Since the Forest Service recently opened Catherine Creek to recreation again after the Burdoin Fire in July 2025, we hiked the Catherine Creek Arch Loop to check out the fire impacts.
As soon as I got out the car, I could smell the smoky scent of burned ground and trees despite four months having passed since the fire.
Some areas of ground still were black and bare where the fire had burnt most intensely. Much of the burned area has greened up with introduced non-native grasses.
We noticed burned Oregon white-oaks resprouting from their roots. Some shrub species, like ocean spray, also were sprouting new growth from their roots.

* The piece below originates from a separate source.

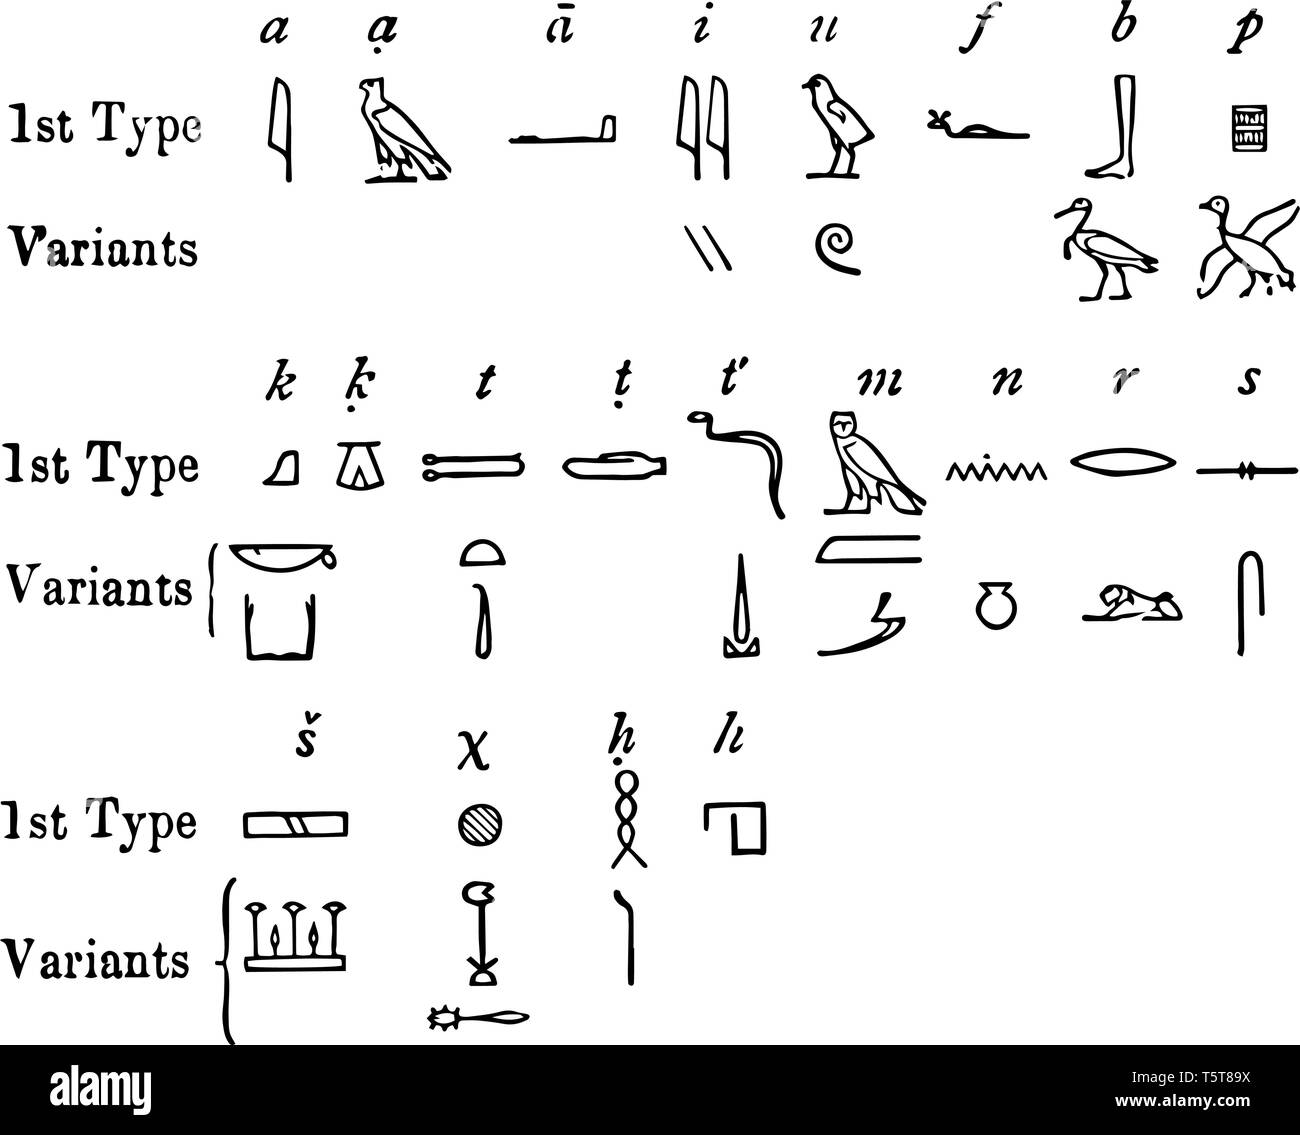 name three types of egyptian writing and describe their purposes/uses

The trailhead kiosk survived the fire. We passed it as we set off on our hike. We hiked the loop clockwise, hiking first on the Atwood Road to the spur where the BPA powerline maintenance road crosses Catherine Creek.
An oak tree has fallen across the "trail gnome"-built footbridge, but we didn't need it since Catherine Creek was dry and we could walk across at the vehicle ford.
We approached the Catherine Creek Arch, where a new buck-and-rail fence replaced the fence that burned and a new interpretive sign explains the arch is sacred to the Yakama Nation and is closed to the public.
The old corral and remnants of ranch structures burned in the fire and nothing is left.
We birded and botanized as we hiked, so our pace was slow. We saw about a half dozen acorn woodpeckers and a large convention of Stellar's jays convening in a tree next to Catherine Creek. Many juncos, kinglets, chickadees and brown creepers flitted among the oak trees.
A prairie falcon flew low overhead while we were eating lunch.
We looked for signs of returning wildflowers; we saw grass widow stems only about an inch out of the ground, small lupine starts, and bitterroot, micranthes species, and western buttercup leaves.
Along the eastern part of the loop trail, several pine trees killed by the fire have fallen across the trail. We were able to go around them.
The WTA-built log bridge across Catherine Creek survived the fire, with only a scorch mark on the underside of the log to show that the Burdoin Fire had passed through here.
We completed the loop and returned to our cars.
NOTE: a portapotty is available at the trailhead.